Depuis deux ans, certains petits hippodromes diffusent des flux vidéo afin d’élargir l’audience des parieurs.
Une gestion complexe des flux vidéo
Outre la gestion de ces flux de plus en plus nombreux, l’équipe digitale d’Equidia souhaite affiner la gestion des données de course. « C’est quelque chose qui est effectué à petite échelle sur la chaîne principale, mais que l’on peut étendre grâce au Web ».
En effet, l’équipe digitale doit se plier aux règles imposées par l’ARCOM (ex CSA). Le flux diffusé sur la chaîne principale et son habillage – l’ensemble des données de courses et de pronostics affichés – doivent être les mêmes pour tous les téléspectateurs.

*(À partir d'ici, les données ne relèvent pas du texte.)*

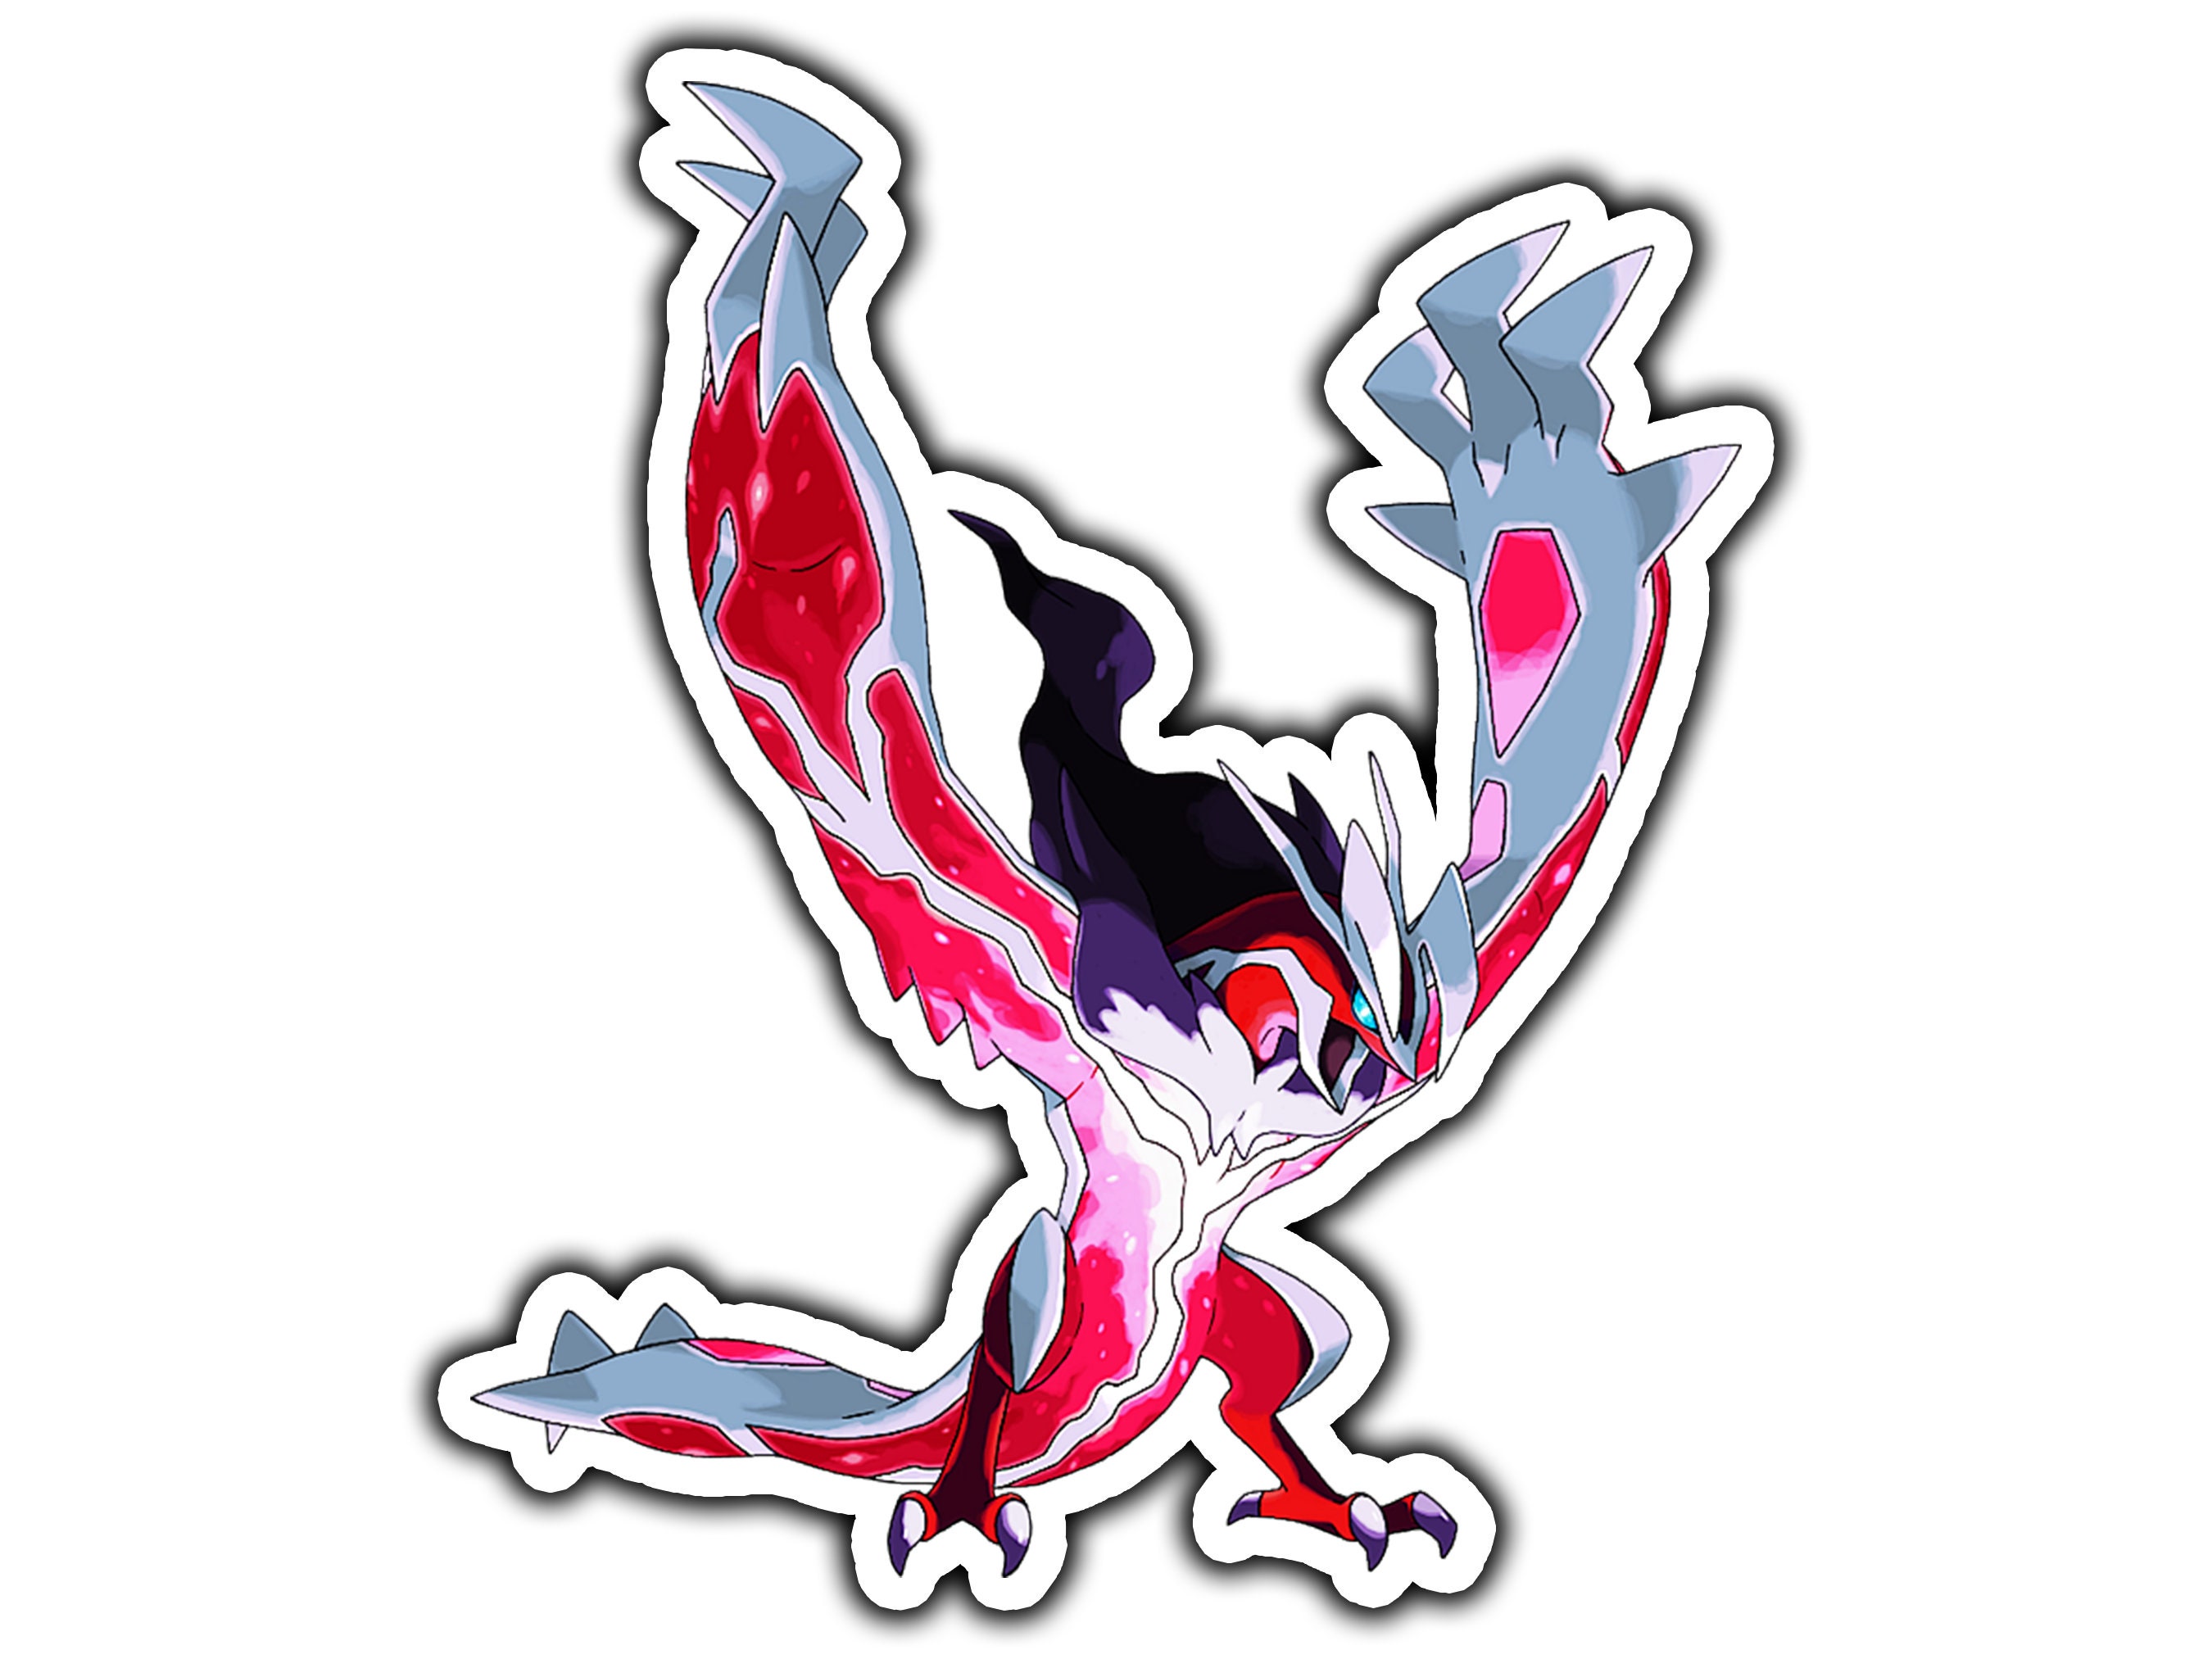 Pokémon Shiny Rayquaza - Mini P T C - 80.000 Stardust

« Nous ne pouvons pas faire ce que nous voulons sur les flux et nous ne sommes pas les propriétaires des droits d’image : elles appartiennent aux sociétés mères [LeTrot, France Galop, N.D.L.R] », rappelle le CTO.
Techniquement, sur le Web, Equidia pourrait habiller les flux vidéo en fonction des préférences des utilisateurs, mais « nous n’avons pas le droit de le faire d’un point de vue légal », note David Deschamps.

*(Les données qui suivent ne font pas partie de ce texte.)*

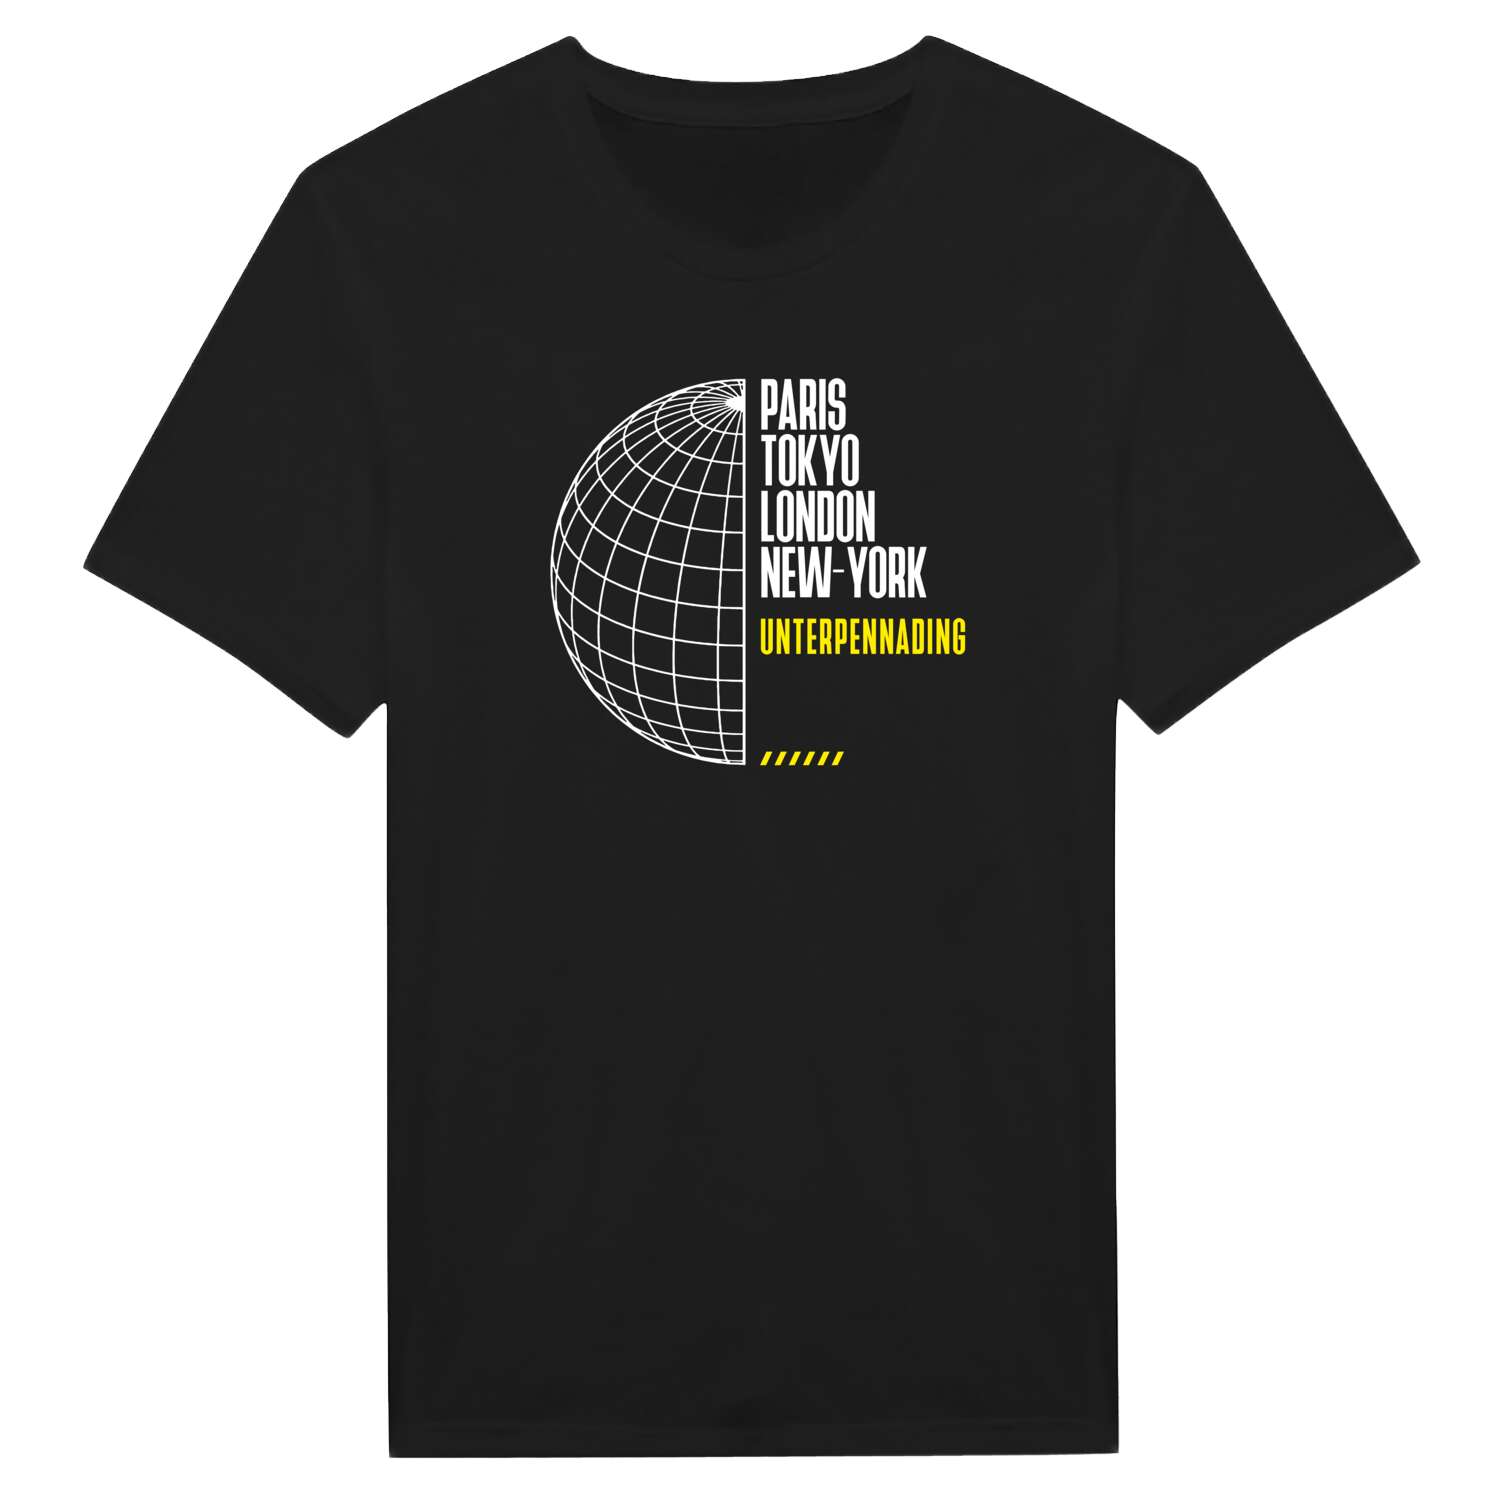 Unterpennading T-Shirt »Paris Tokyo London«

Il est toutefois possible d’accompagner les parieurs dans la préparation du pari, le suivi de la course et l’obtention des résultats.

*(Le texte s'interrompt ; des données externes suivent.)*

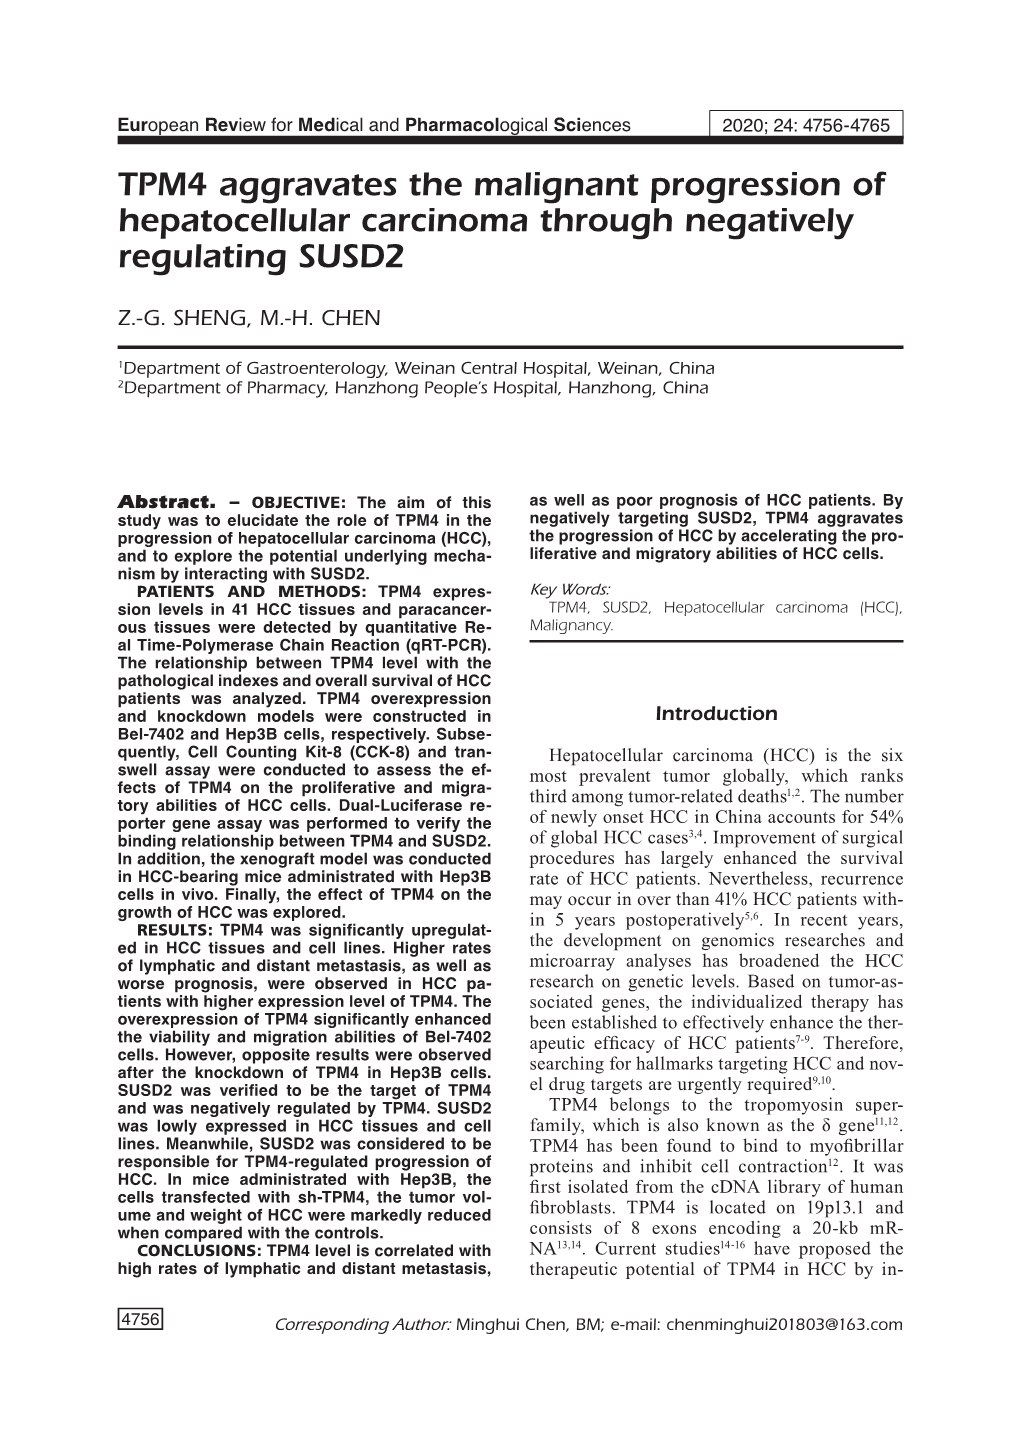 TPM4 Aggravates the Malignant Progression of Hepatocellular Carcinoma Through Negatively Regulating SUSD2

Si Equidia.fr fournissait depuis un bon moment des articles sur les pronostics et les résultats, des rediffusions, ainsi que des entretiens avec les entraîneurs, les jockeys et les drivers, l’information était jusqu’alors dispersée.
Sur la page d’accueil du site Web, David Deschamps et son équipe ont décidé de recentrer l’expérience autour du lecteur vidéo.
« Nous déléguons la plupart de nos développements dits “faciles”, comme le maintien du site Web, mais nous conservons en interne les projets Big Data, analytiques, IA et l’évolution de l’UX », résume David Deschamps.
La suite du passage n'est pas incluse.